WORK TASK: When you reach the line containing "Orange and Yellow" in the entries below, start writing out each line exactly, and stop after the line containing "1896-S Morgan Silver".

DATA SUPPLIED:

☆ ☆ ☆ ☆ ☆

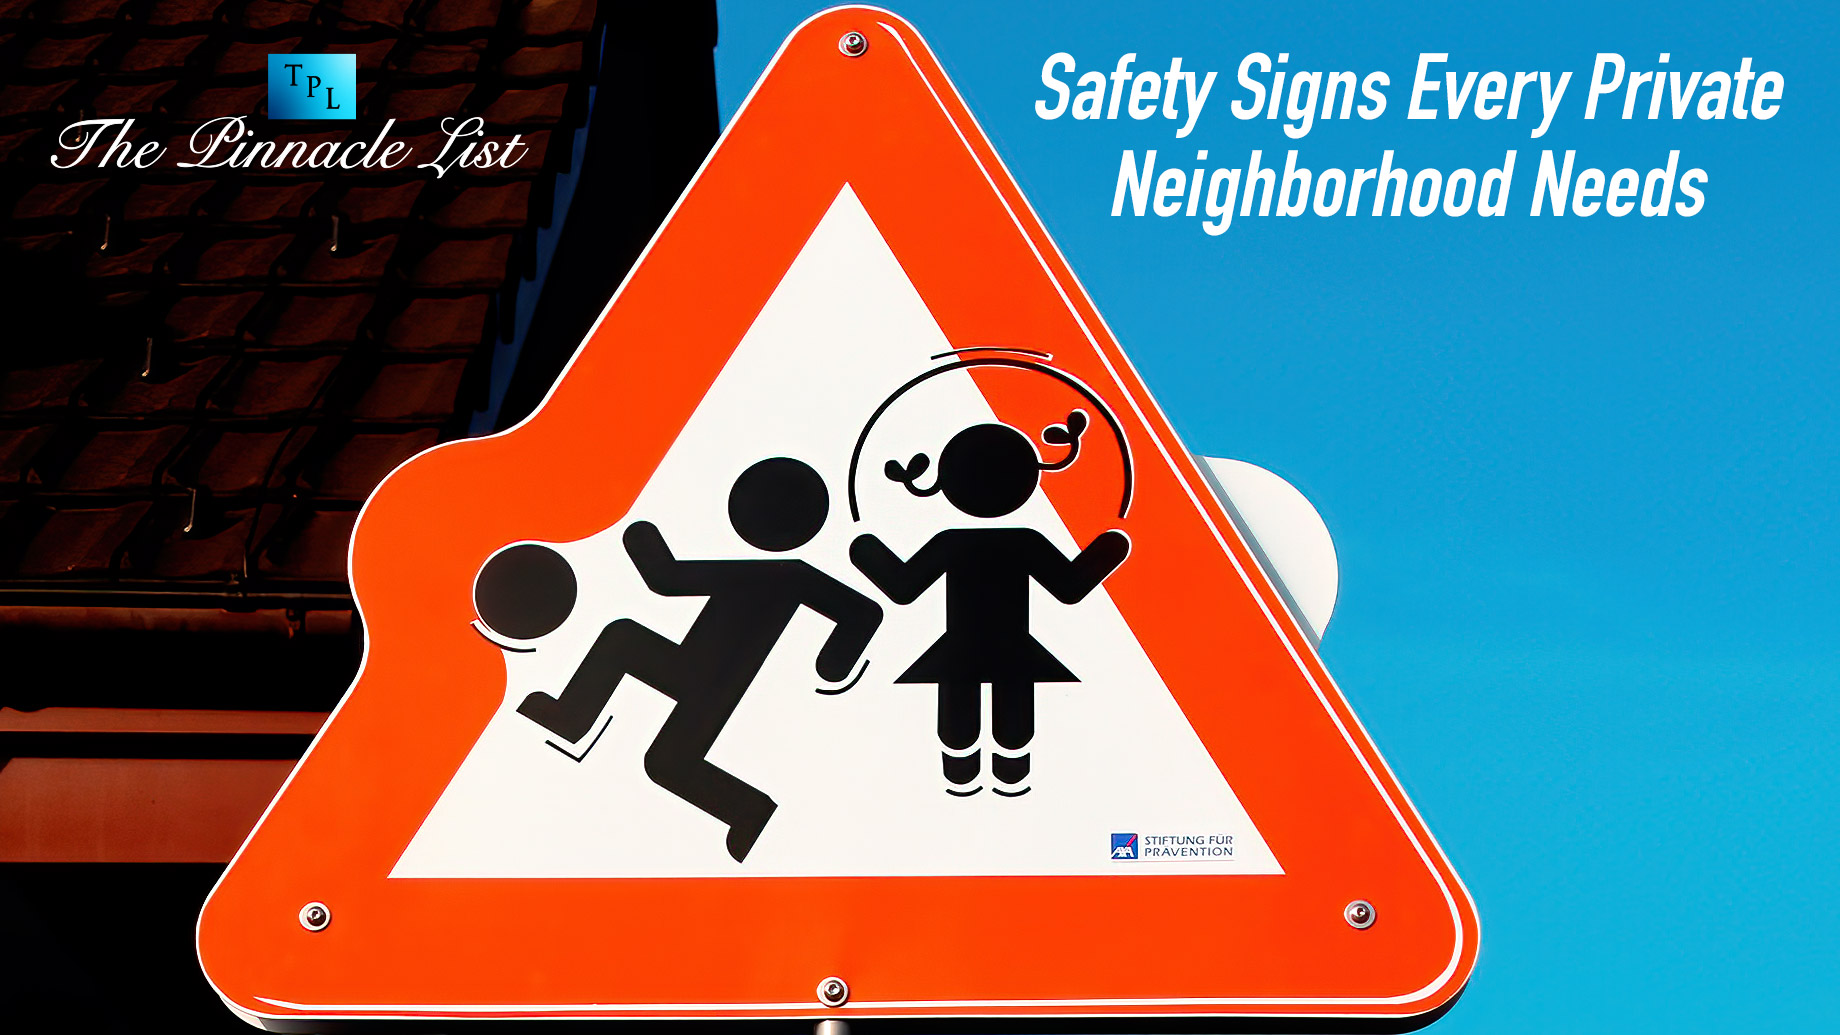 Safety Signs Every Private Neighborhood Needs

☆ ☆ ☆ ☆ ☆

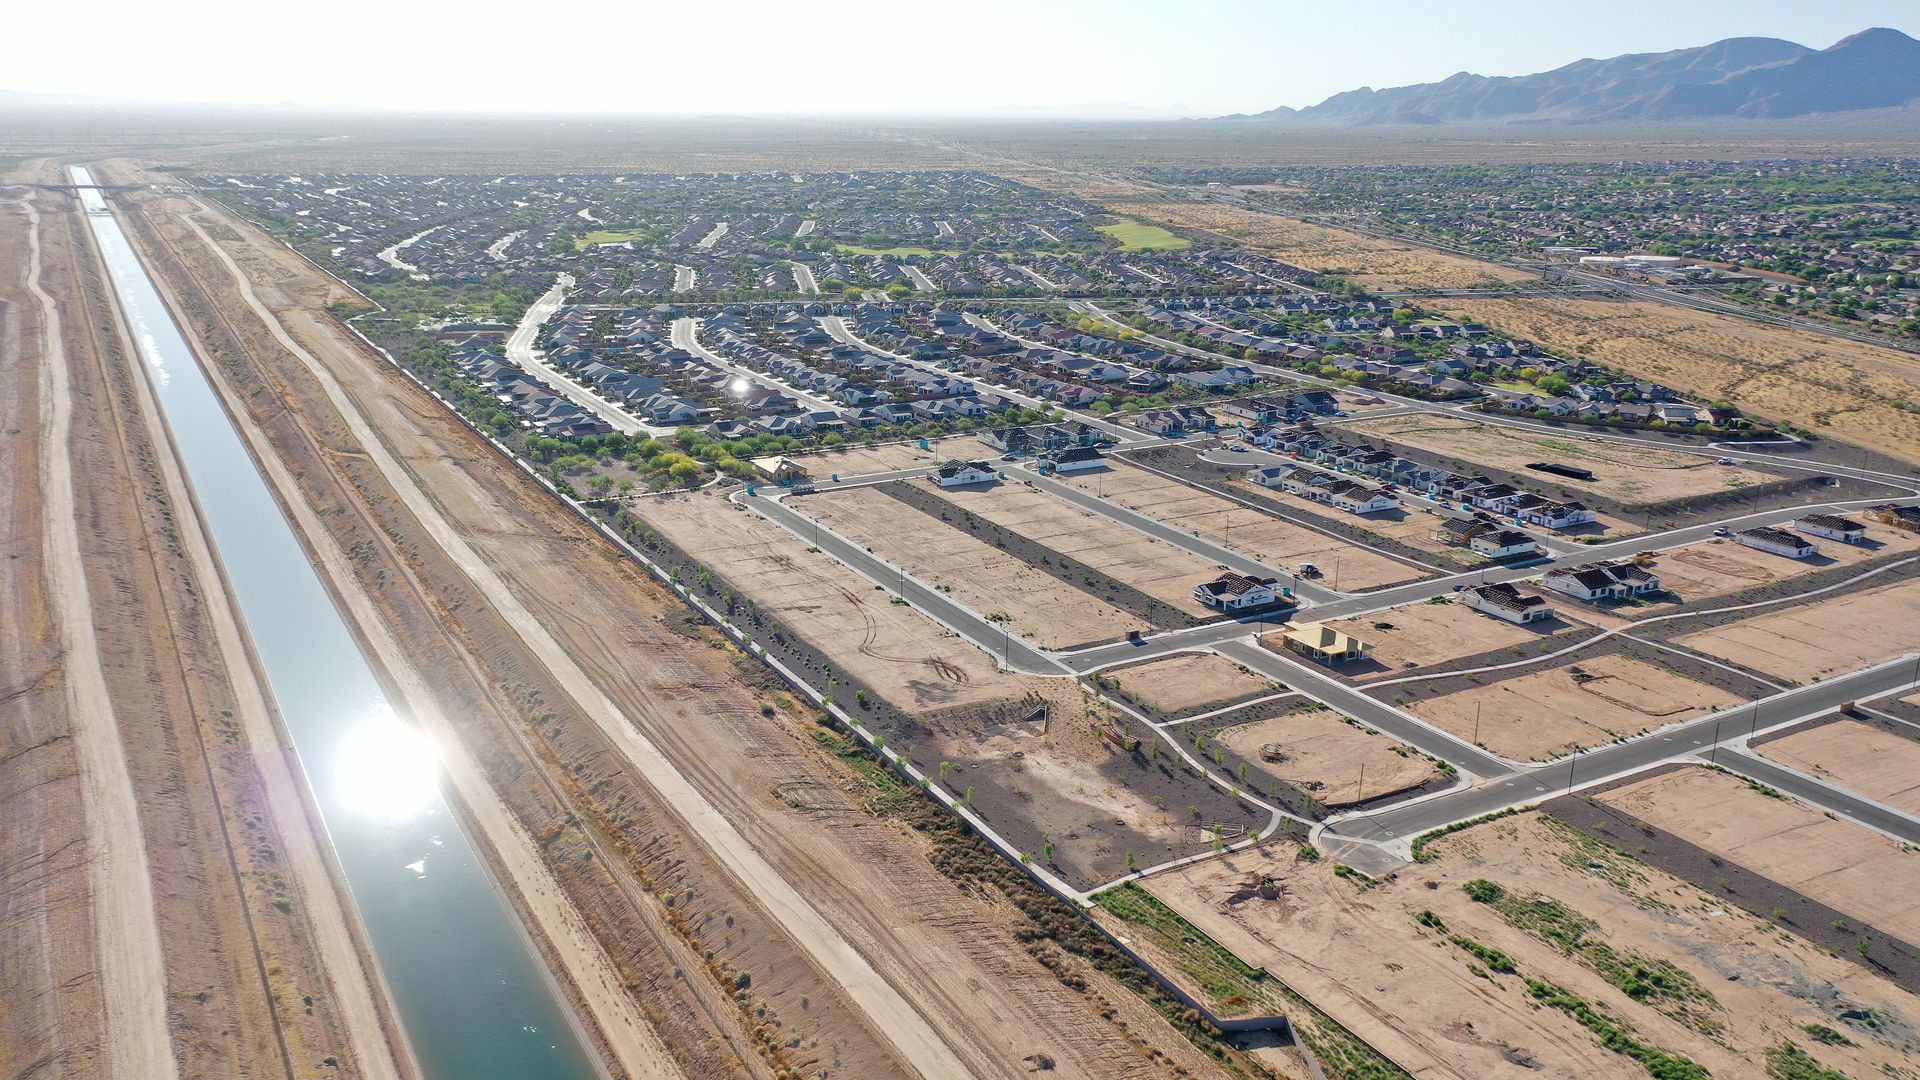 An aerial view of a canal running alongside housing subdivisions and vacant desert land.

☆ ☆ ☆ ☆ ☆

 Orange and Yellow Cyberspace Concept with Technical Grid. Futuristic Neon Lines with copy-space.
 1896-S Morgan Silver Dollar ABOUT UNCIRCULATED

☆ ☆ ☆ ☆ ☆

SOLUTION:
 Orange and Yellow Cyberspace Concept with Technical Grid. Futuristic Neon Lines with copy-space.
 1896-S Morgan Silver Dollar ABOUT UNCIRCULATED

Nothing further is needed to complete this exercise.